Me sorprendió lo profunda que podía ser, incluso en medio de algo tan simple como una caminata. En otra ocasión, tropecé con una raíz y casi pierdo el equilibrio. Su reacción fue inmediata: me sostuvo del brazo, bueno lo intentó y rió suavemente.
—¡Vaya, casi caes! —dijo, con esa mezcla de preocupación y diversión—. ¿Siempre eres tan torpe?
—No siempre… —respondí, jugando—. Solo cuando estoy contigo.
Se sonrojó levemente, apartando la mirada hacia el camino, y algo en ese gesto me hizo sonreír sin darme cuenta. No había intención romántica, ni siquiera un coqueteo consciente, pero había una conexión que parecía flotar entre nosotros.
Al recordar también los silencios, sentí cómo su presencia se volvía más importante para mí. Caminábamos juntos sin necesidad de llenar cada espacio con palabras, y aun así, había comodidad. A veces, solo miraba sus manos mientras ajustaba la mochila o cómo se enredaba un mechón de cabello detrás de la oreja. Pequeños gestos que, en mi cabeza, adquirían un peso mayor del que deberían.
Nunca había sido fácil para mí abrirme. Desde la muerte de mi madre, aprendí a ser fuerte, a no mostrar debilidad. Pero frente a Samara, la fortaleza parecía desvanecerse un poco. Era extraño admitirlo, pero no podía negarlo: me importaba. Y mucho.
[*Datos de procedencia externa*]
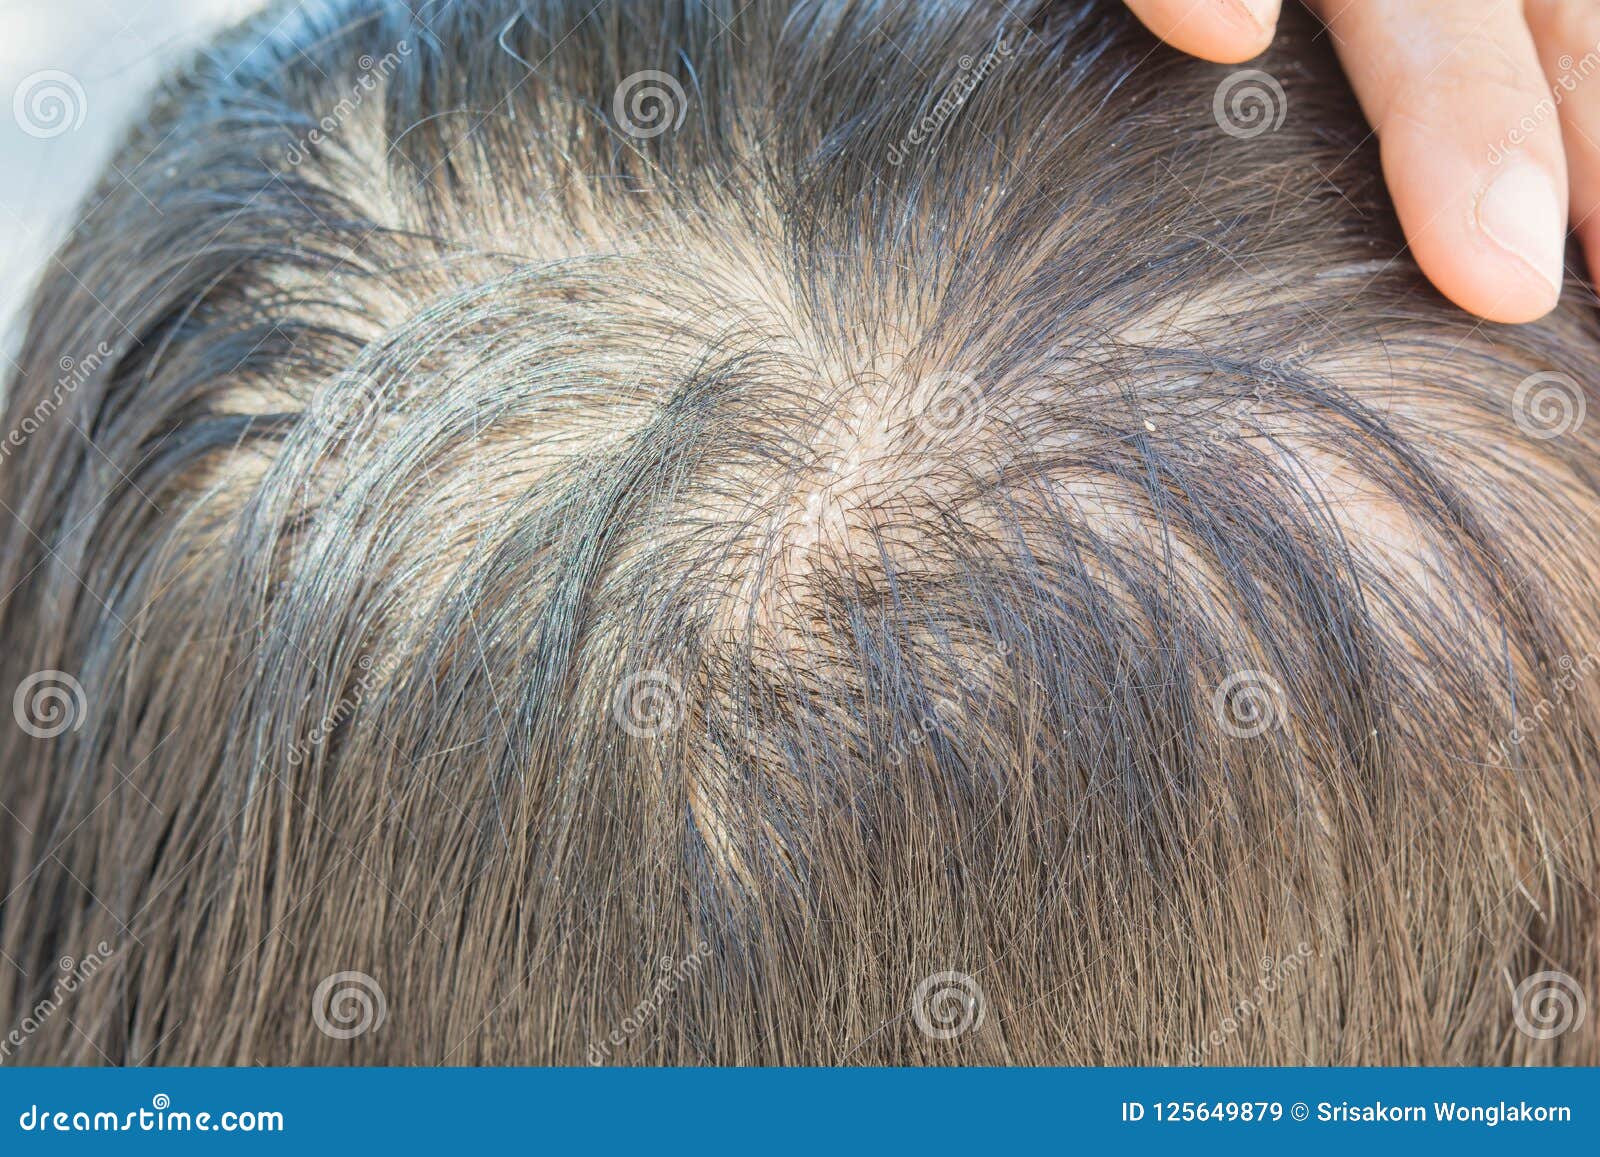 Thin hair and dandruff stock image. Image of care, back - 125649879
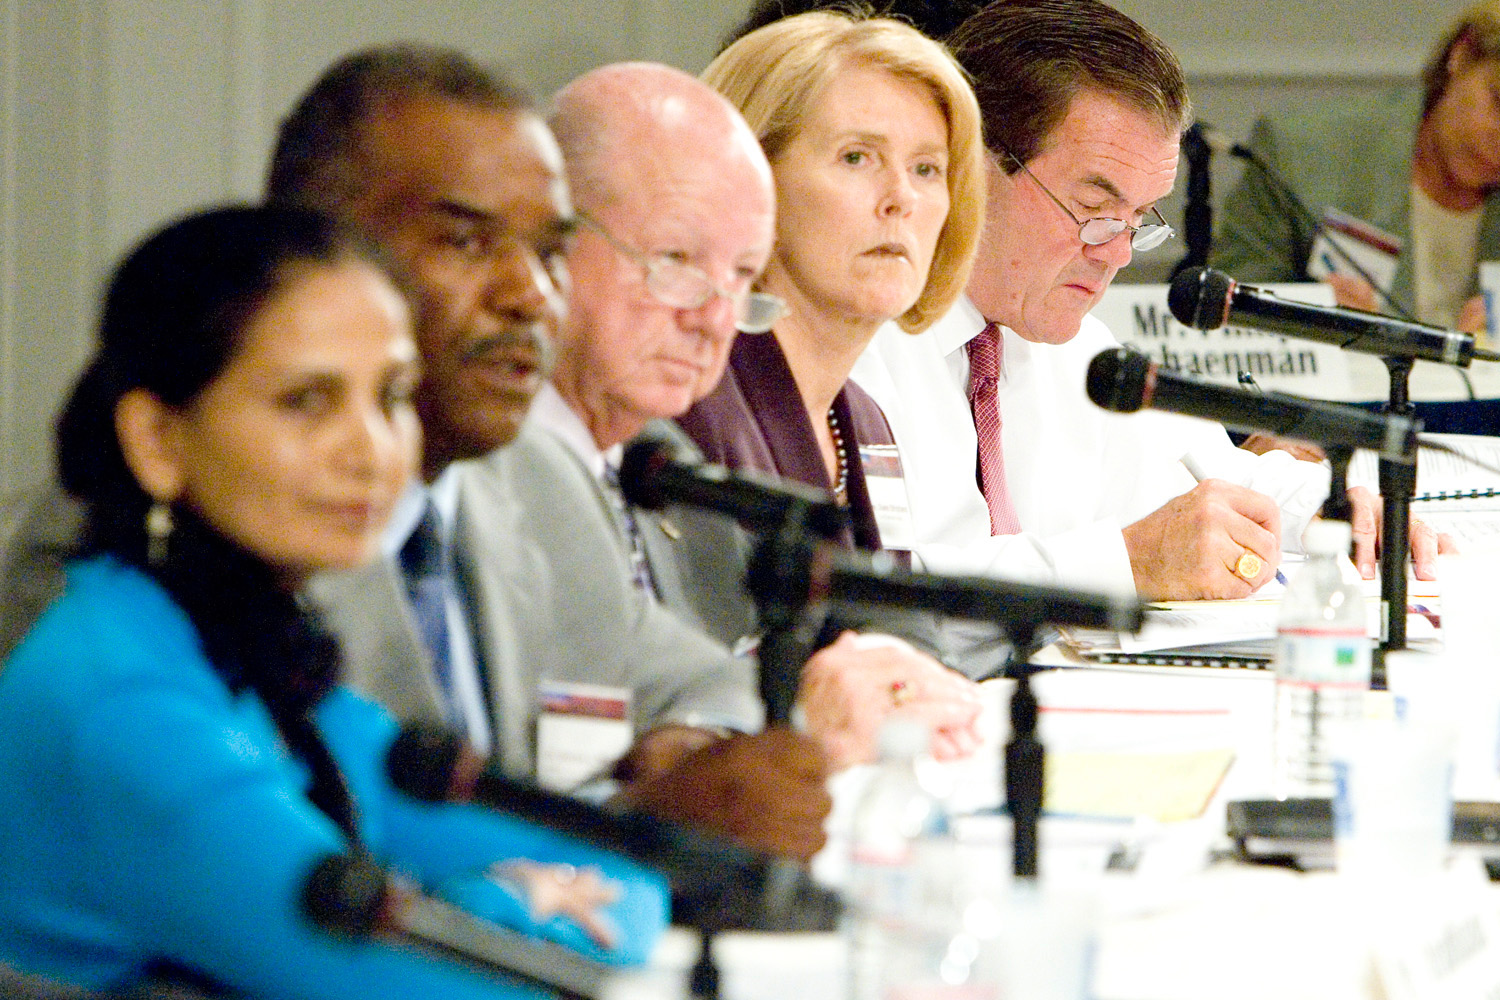 Review panel sitting at microphones listening to testimony

Mientras removía lentamente el café, recordé cómo había ayudado a Samara a cruzar un pequeño arroyo sobre unas piedras resbaladizas. Su risa, su torpeza al intentar mantener el equilibrio y su agradecimiento sincero me habían hecho sentir… vulnerable, de una manera que no sentía con nadie más.